Помолчал, потом продолжает:
— На смертном одре отец сказал мне: «Тинче! — Тогда я еще был Тинче, а он — Мартин, только после рождения первенца я стал Мартином. — Тинче, — сказал он, — что бы с тобой ни случилось, не отдавай земли, рана, которую ты нанесешь хозяйству, никогда не заживет, а если их будет слишком много, земля изойдет кровью». Он и сам так поступал. Кроме меня, у него было два сына и три дочери, он никому не оставил земли, даже Липе не оставил. Только возню с приданым да выплатами взвалил на мои плечи, так это на селе обычай и закон такой, хотя иногда и это тяжелая рана для хозяйства. Да ведь я тебе уже рассказывал, как было, когда я после отца стал хозяином, и не один раз, а бог знает сколько.
— Кое-что рассказывал, да скупо.
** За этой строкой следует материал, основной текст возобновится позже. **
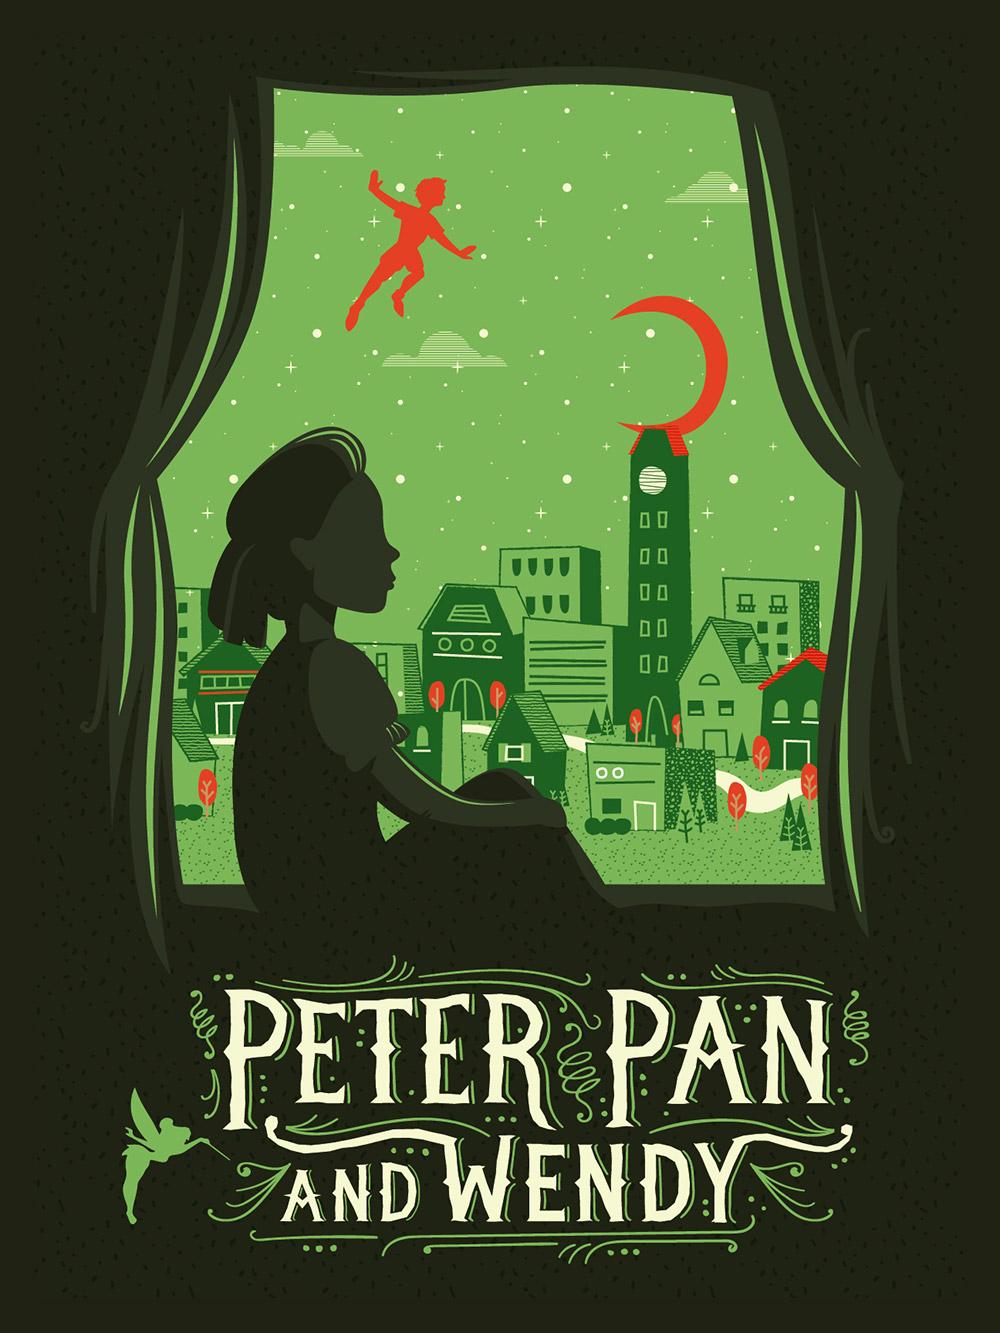 DePaul_PeterPan-01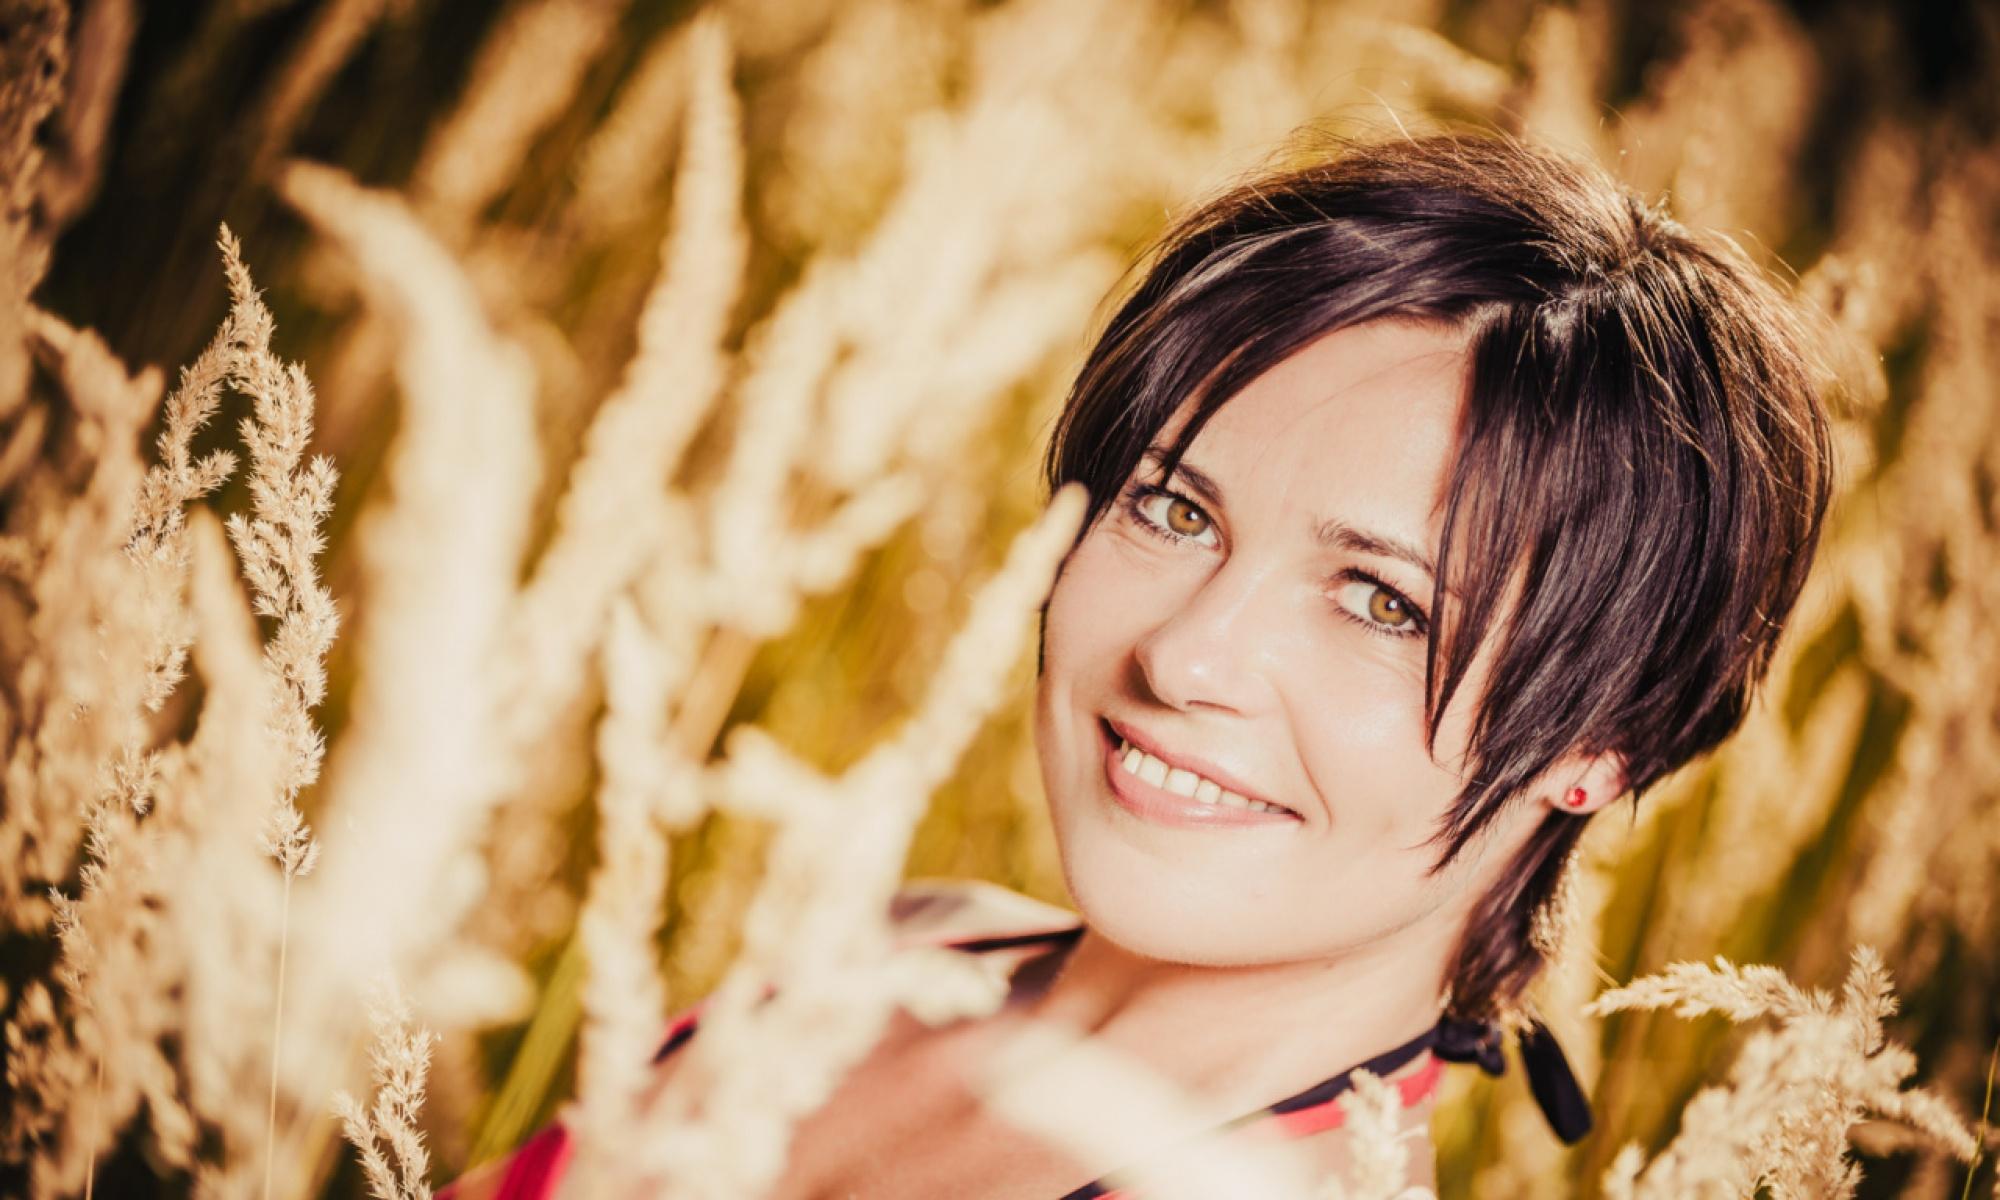 Mandy Partzsch

Больше я узнала из твоих разговоров с соседями, с теми ты любил поболтать, а со мной каждое слово для тебя было будто золотая монета, которую жалко истратить.
Наверно, он почувствовал в ее словах упрек.
— Да ведь нам некогда было разговаривать, — говорит. — Ты возле свиней, кур, ребятишек, за стряпней, а я в хлеву, на полях, в винограднике. Когда нам было разговаривать? Ночью в постели? Так ведь даже на сон времени не хватало.
— Странно, что у нас были дети, — язвительно замечает она.
— Это… это у нас получалось мимоходом… ты же знаешь… — говорит он. — А с соседями иначе. За стаканом вина забываешь и о времени, и об усталости. И язык развязывается сам по себе.
Умолкает, задумывается.
— Чертовски трудно было, когда я начал свою битву за землю, — говорит он после недолгого молчания. — Если бы я тогда уступил, Кнезова хозяйства сегодня уже не было бы.
— А его и так нет, — отвечает она с болезненной усмешкой. — Какое же это хозяйство, если нет никого, кто бы обрабатывал землю? Совсем недавно ты сам это сказал.
— Не растравляй рану! — глухо возражает он.
Она чувствует: он охотнее говорит о прошлом, да и ей тоже хочется вернуться в минувшие дни, однако сквозь прошлое непрерывно пробивается сегодняшняя боль.
— Если бы тогда, когда ты унаследовал землю… и позже ты знал, что будет потом, после твоей смерти, ты бы все равно надрывался, как все эти годы? — спрашивает она.
— Скорей всего, да, — отвечает он задумчиво. — Ведь я бы не мог иначе. Тебя запрягают в хозяйство, и ты тянешь его, как конь воз. Разве конь о чем спрашивает, когда тянет плуг? Пахарь тоже не спрашивает, что будет завтра. Он знай нажимает на рукоятку плуга, он живет одним днем, одним часом, только мыслью, чтобы борозды ложились правильно и ровно, чтобы успеть вспахать и посеять до дождя. И пахал бы не хуже, если бы знал, что осенью ему придется продать землю. Не смог бы.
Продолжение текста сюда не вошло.